-- Given records --
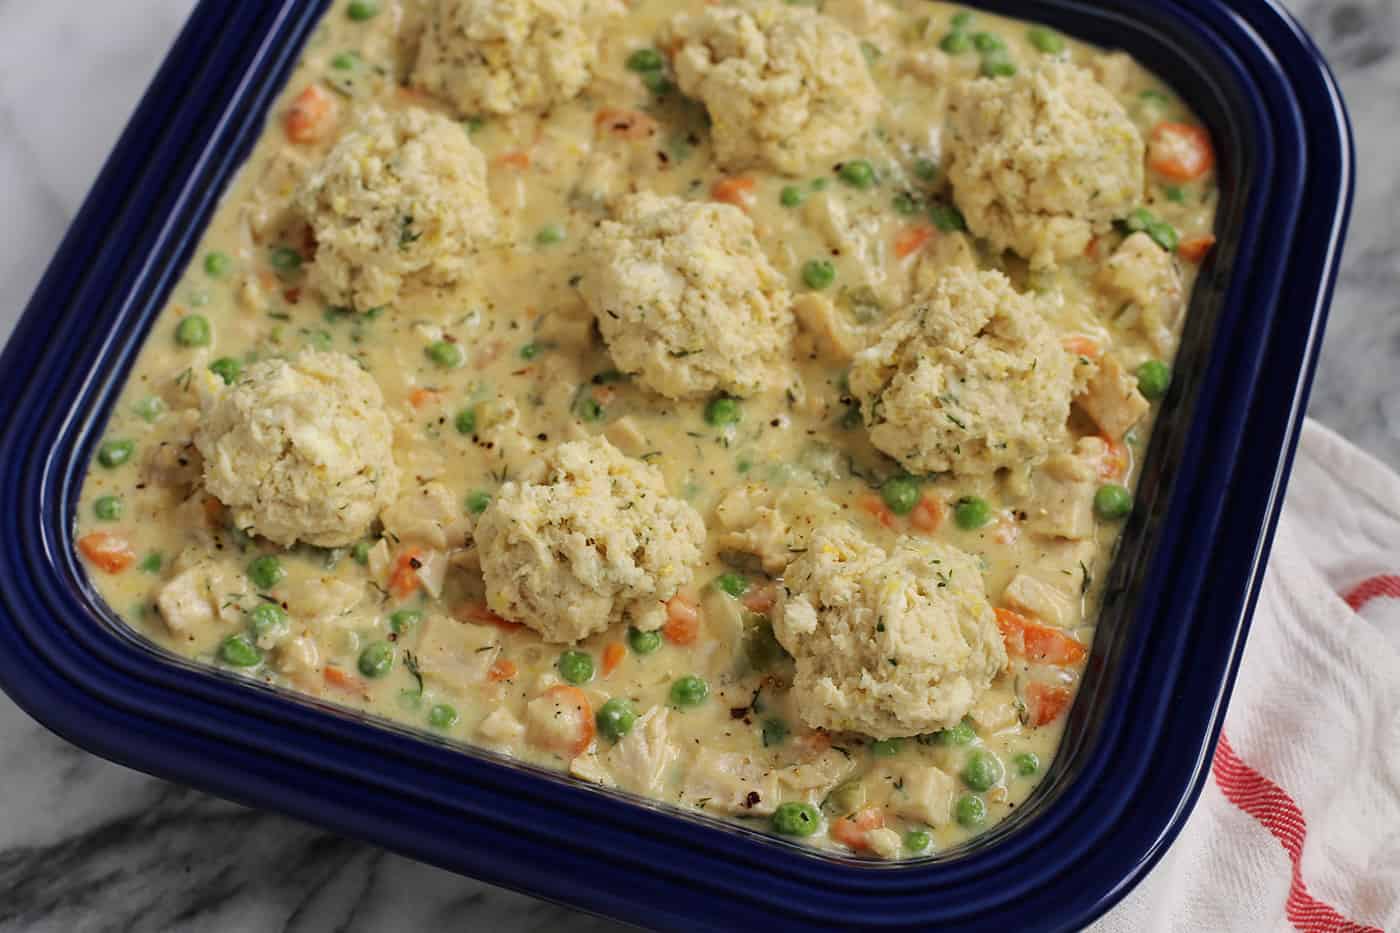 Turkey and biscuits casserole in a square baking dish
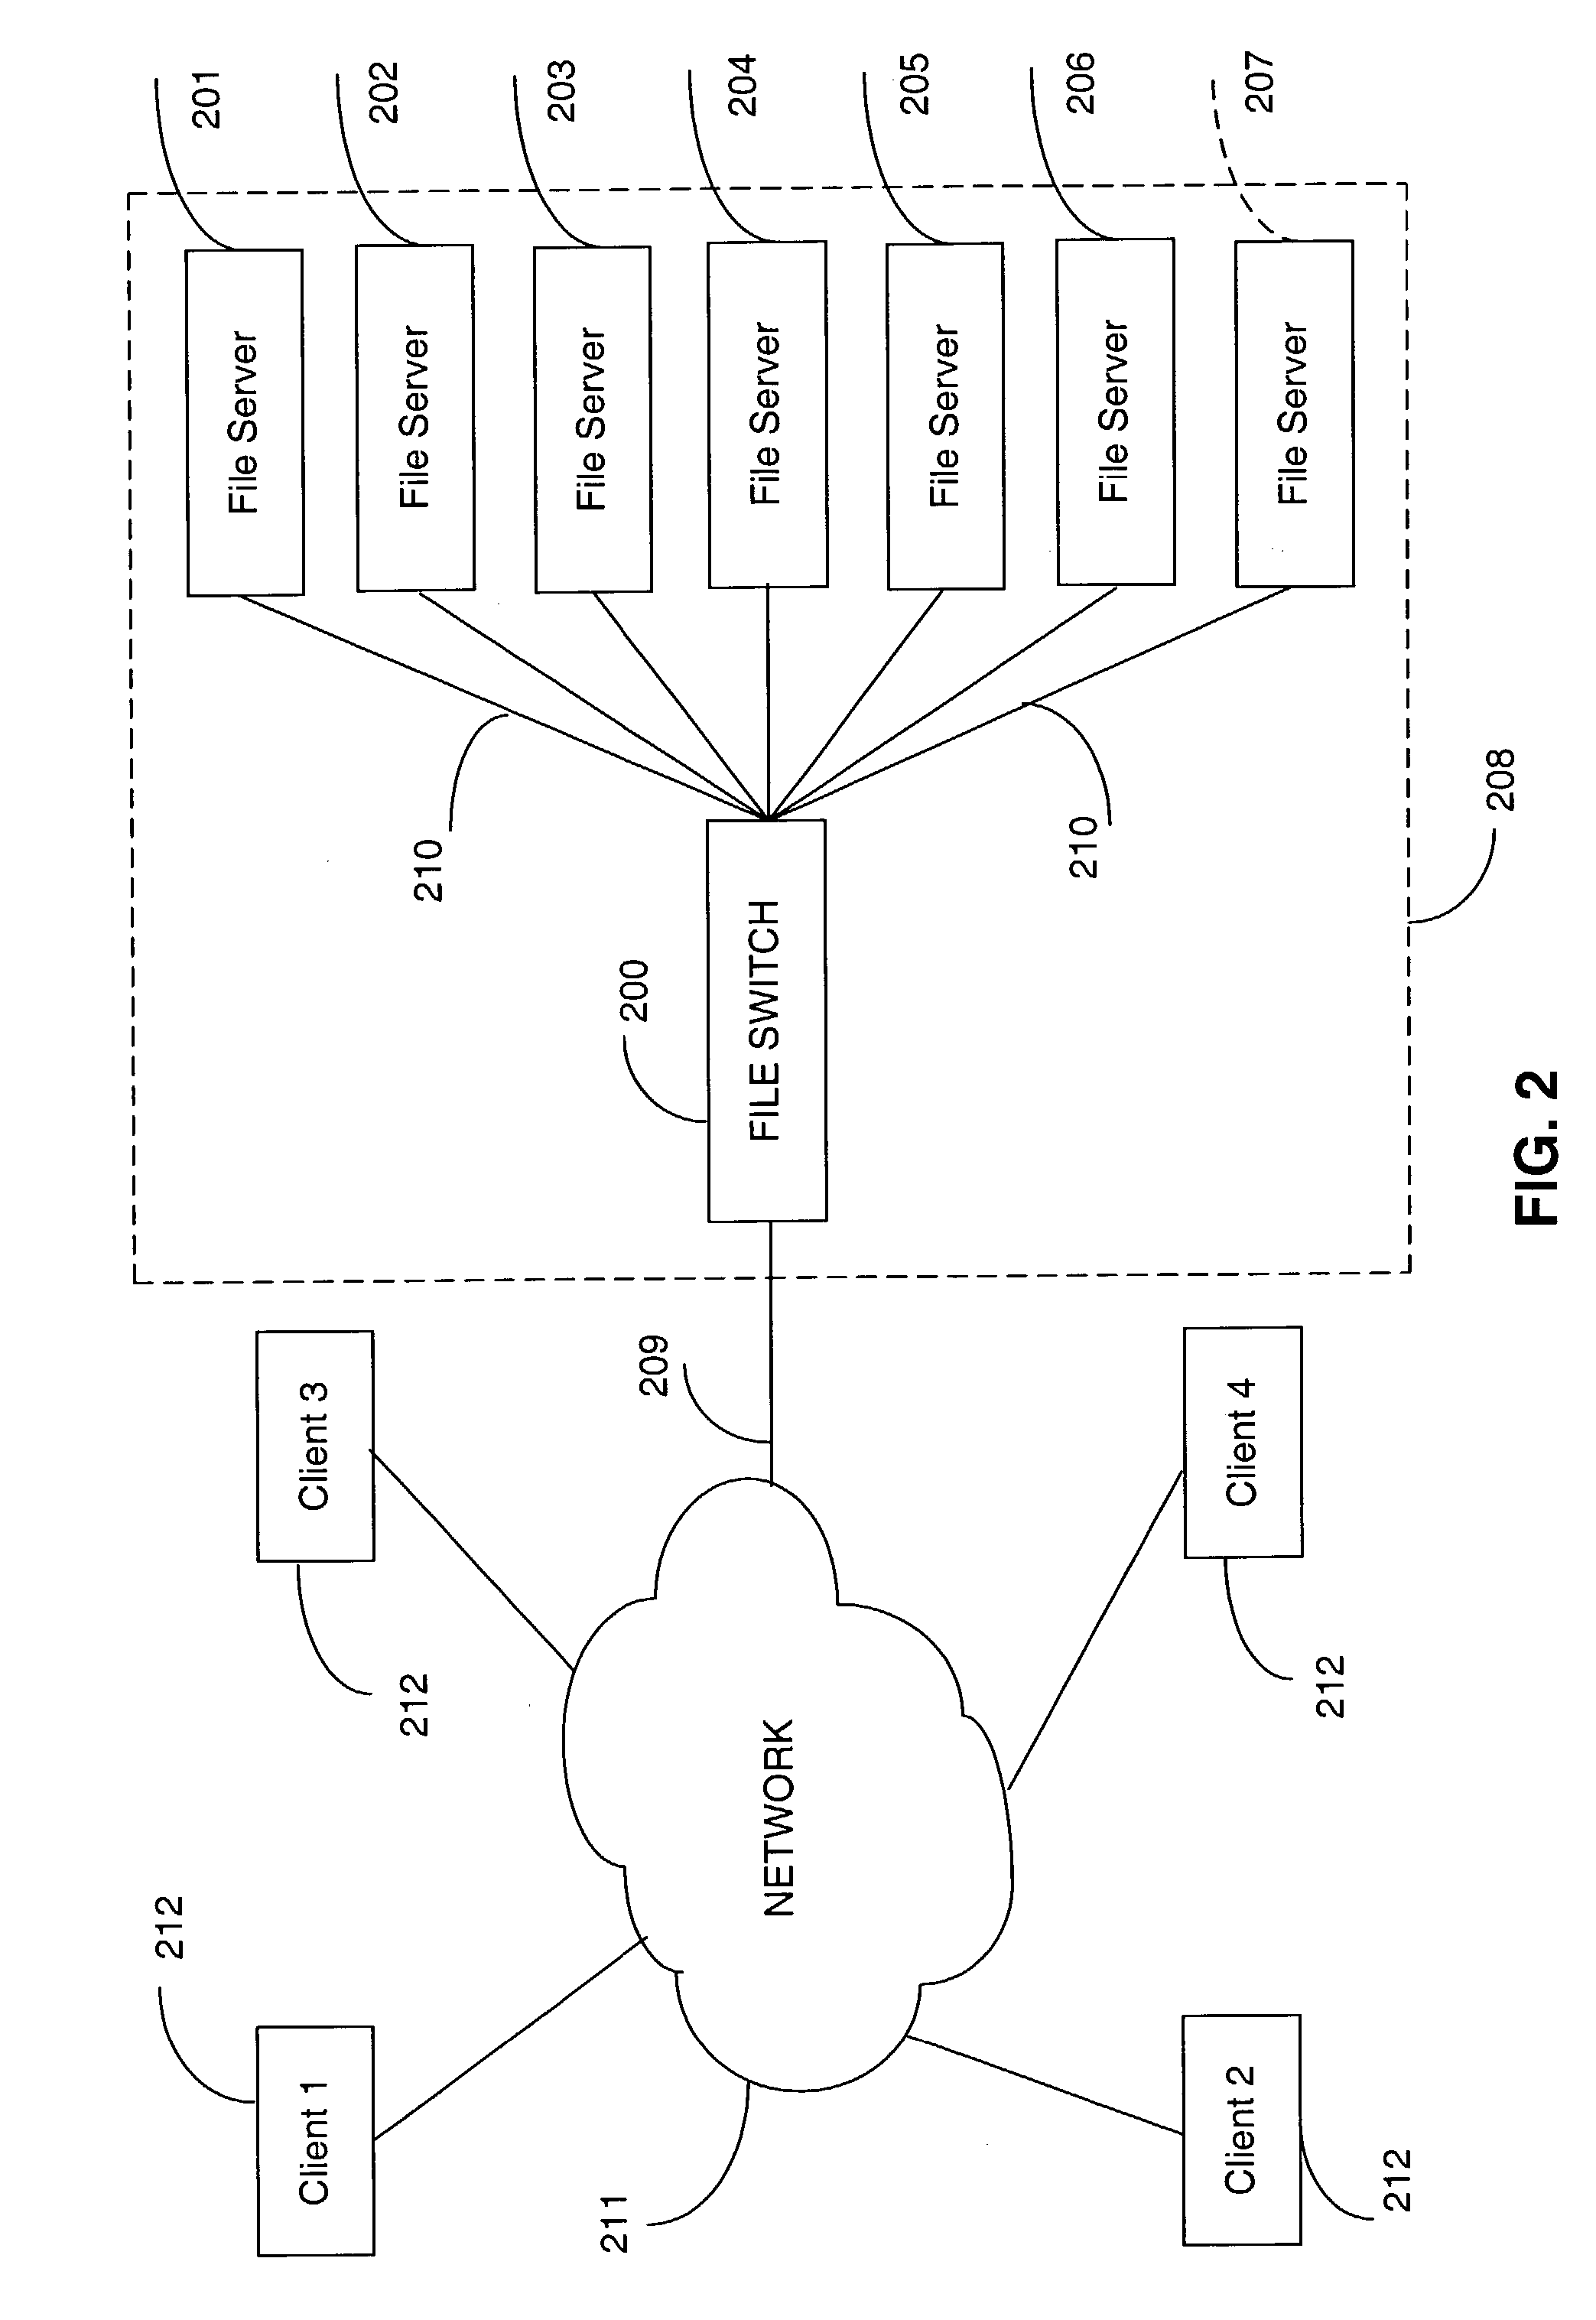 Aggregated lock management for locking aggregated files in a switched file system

* * *

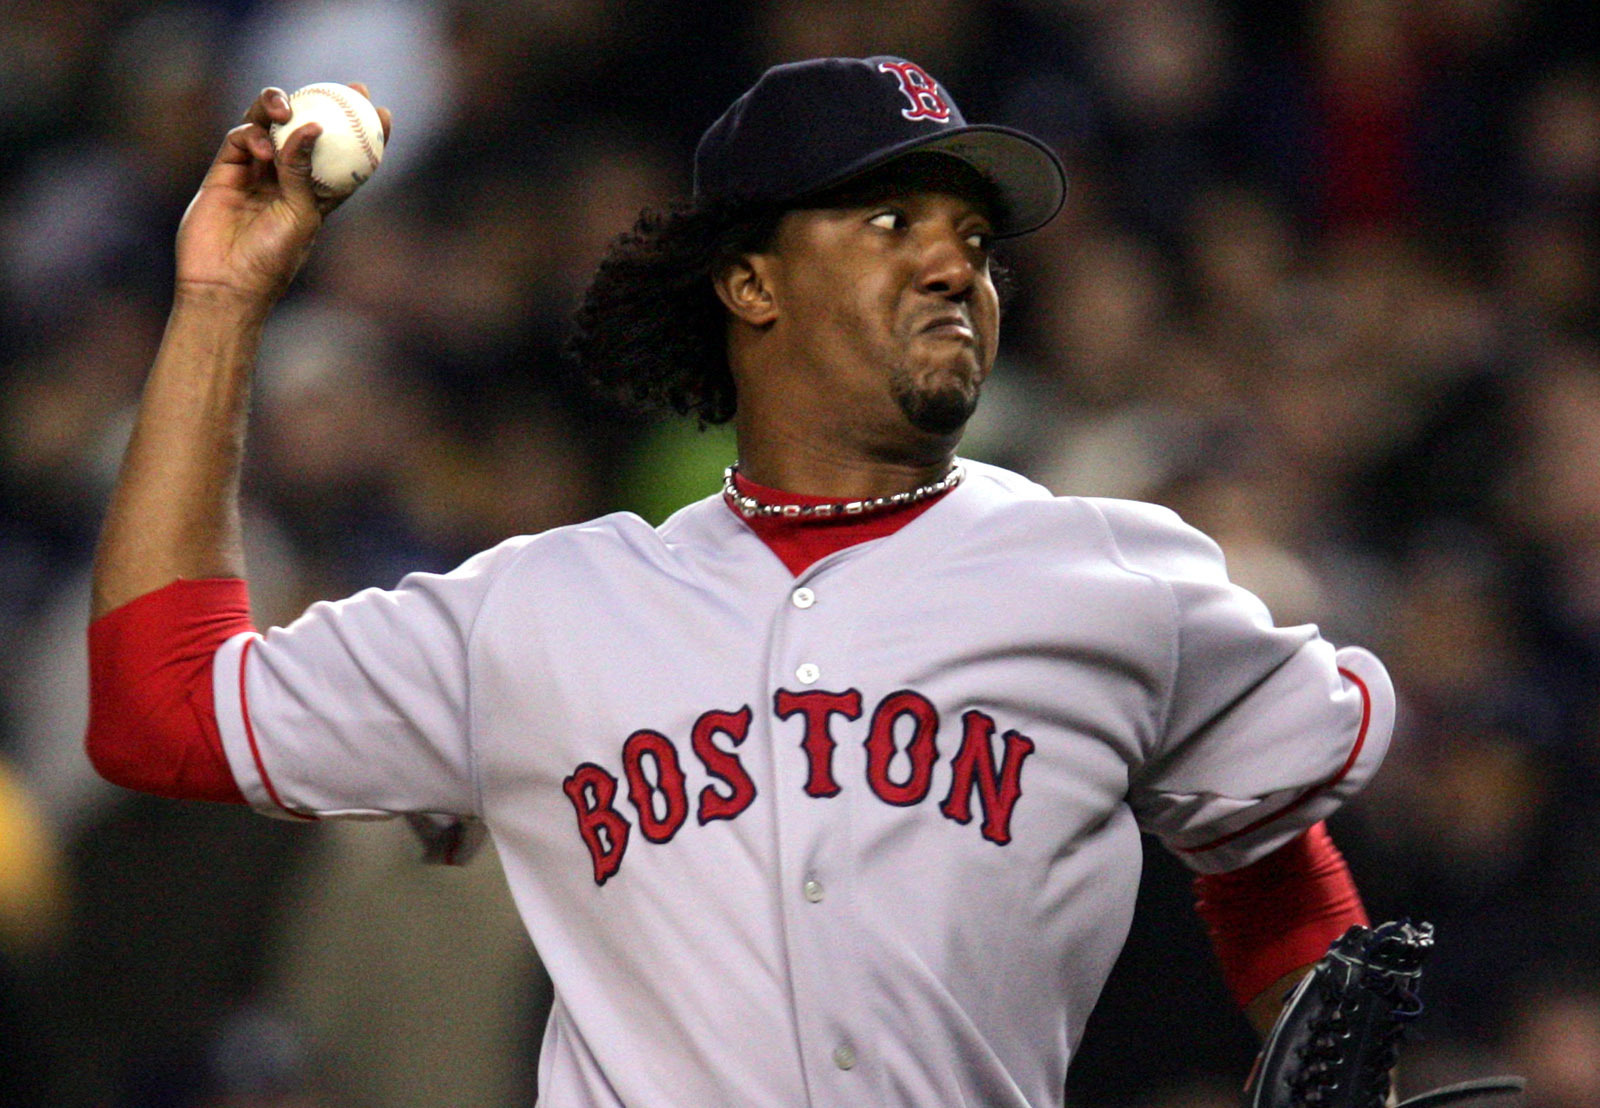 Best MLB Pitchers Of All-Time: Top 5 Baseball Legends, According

-- The task --
Everything from the line above that contains "Turkey and biscuits" down to the line that contains "Aggregated lock management" must be reproduced exactly, both ends included. Omit the pictures.

-- Reply to the exercise --
 Turkey and biscuits casserole in a square baking dish
 Aggregated lock management for locking aggregated files in a switched file system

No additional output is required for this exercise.